Chemiosmotic Energy Conservation in Dinoroseobacter shibae: Proton Translocation Driven by Aerobic Respiration, Denitrification, and Photosynthetic Light Reaction

Dinoroseobacter shibae is an aerobic anoxygenic phototroph and able to utilize light energy to support its aerobic energy metabolism. Since the cells can also grow anaerobically with nitrate and nitrite as terminal electron acceptor, we were interested in how the cells profit from photosynthesis during denitrification and what the steps of chemiosmotic energy conservation are. Therefore, we conducted proton translocation experiments and compared O(2)(-), NO(3)(-), and NO(2)(-) respiration during different light regimes and in the dark. We used wild type cells and transposon mutants with knocked-out nitrate- and nitrite- reductase genes (napA and nirS), as well as a mutant (ppsR) impaired in bacteriochlorophyll a synthesis. Light had a positive impact on proton translocation, independent of the type of terminal electron acceptor present. In the absence of an electron acceptor, however, light did not stimulate proton translocation.
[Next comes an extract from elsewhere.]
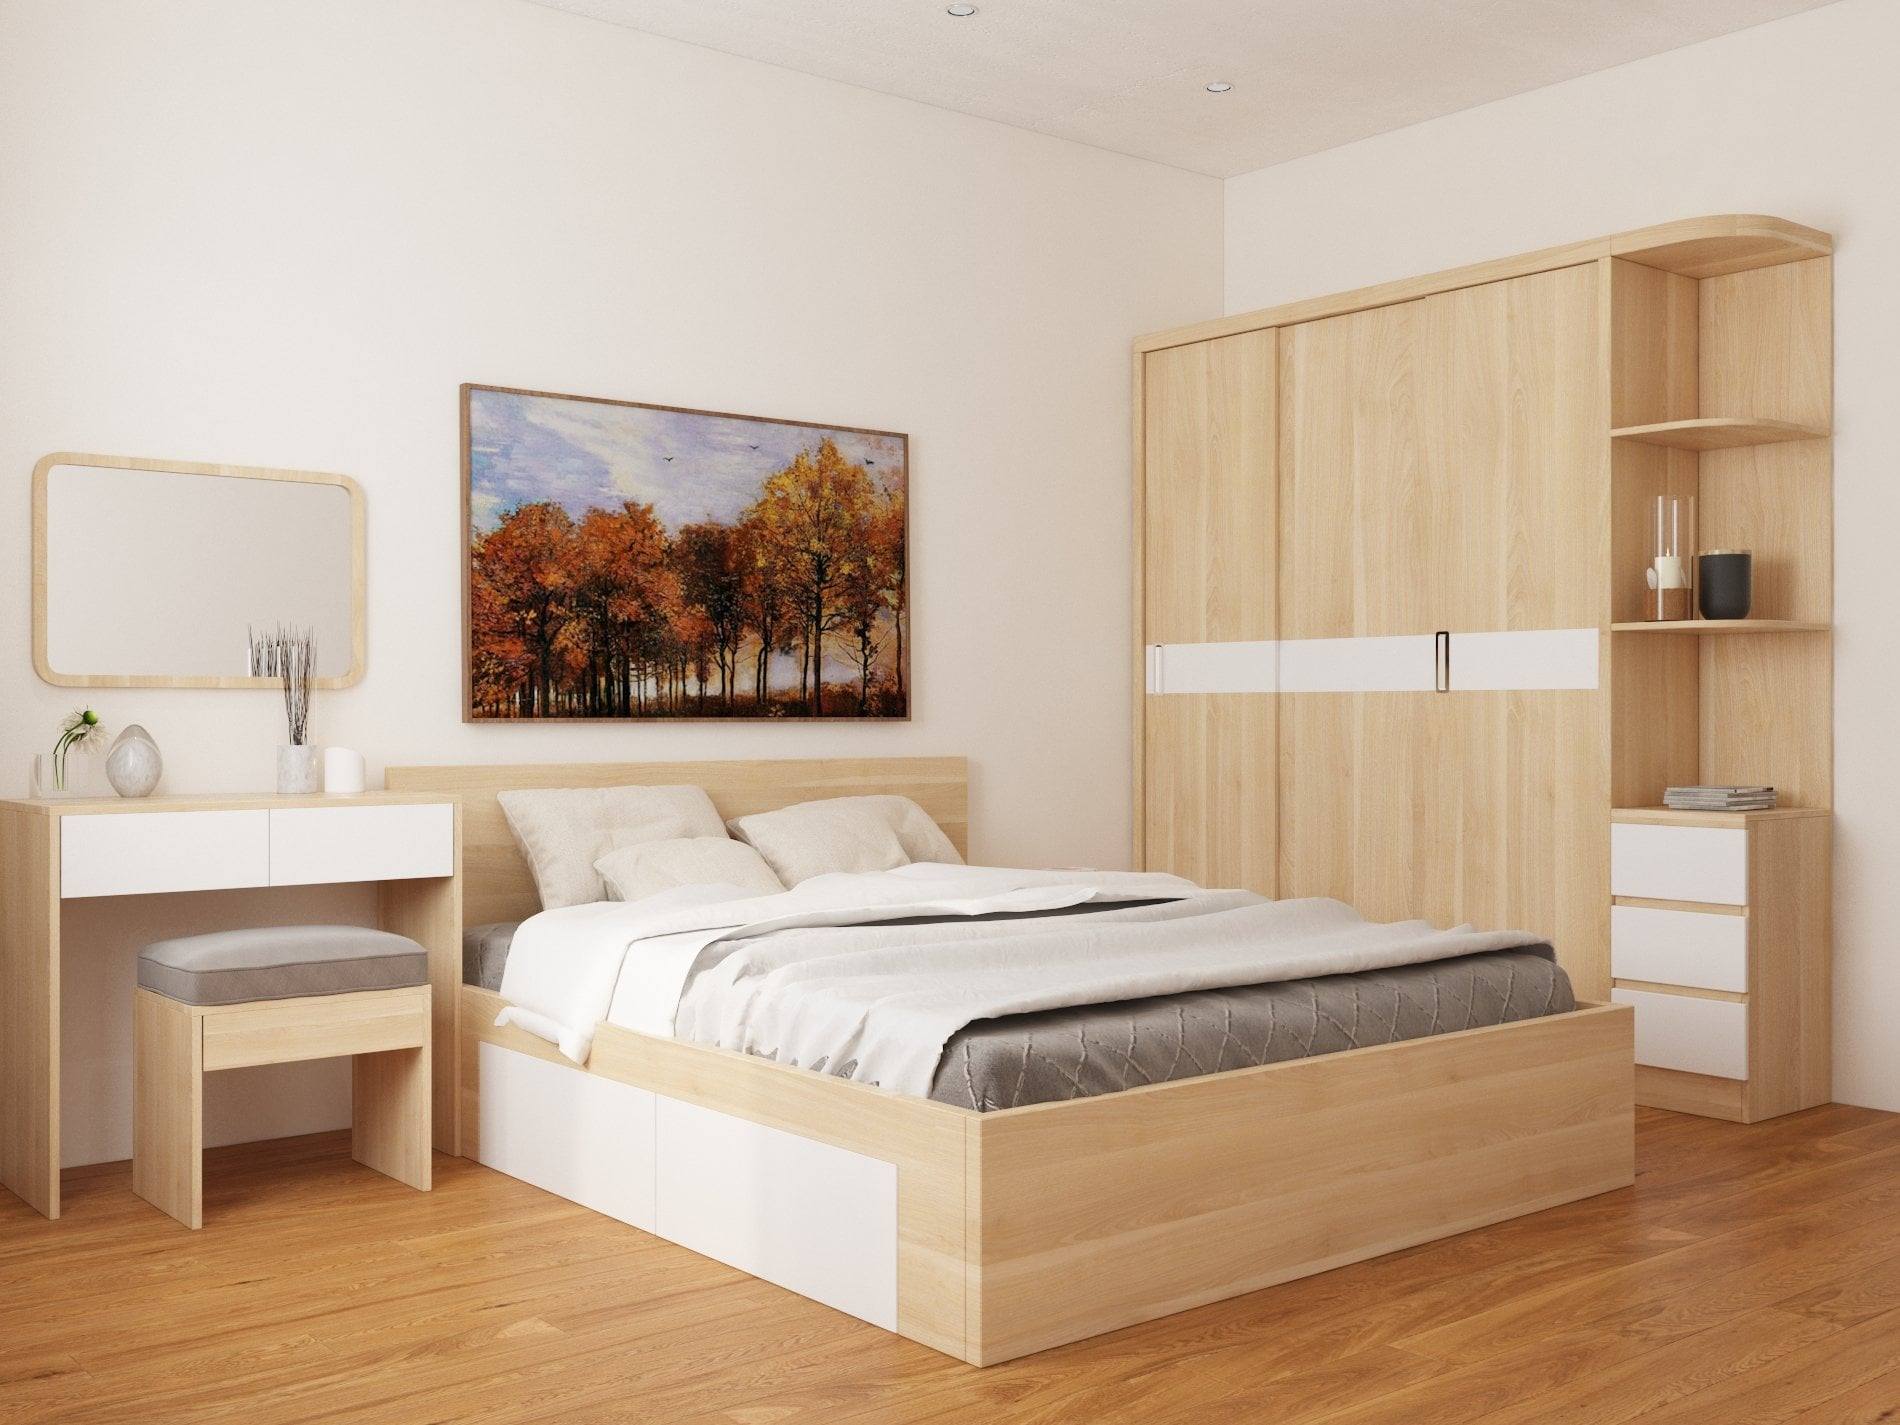 TOP giường có hộc phía dưới tốt nhất cho phòng ngủ cá nhân và gia đình

The light-driven add-on to proton translocation was about 1.4 H(+)/e(-) for O(2) respiration and about 1.1 H(+)/e(-) for NO(3)(-) and NO(2)(-). We could see that the chemiosmotic energy conservation during aerobic respiration involved proton translocation, mediated by the NADH dehydrogenase, the cytochrome bc(1) complex, and the cytochrome c oxidase. During denitrification the last proton translocation step of the electron transport was missing, resulting in a lower H(+)/e(-) ratio during anoxia. Furthermore, we studied the type of light-harvesting and found that the cells were able to channel light from the green–blue spectrum most efficiently, while red light has only minor impact. This fits well with the depth profiles for D. shibae abundance in the ocean and the penetration depth of light with different wavelengths into the water column.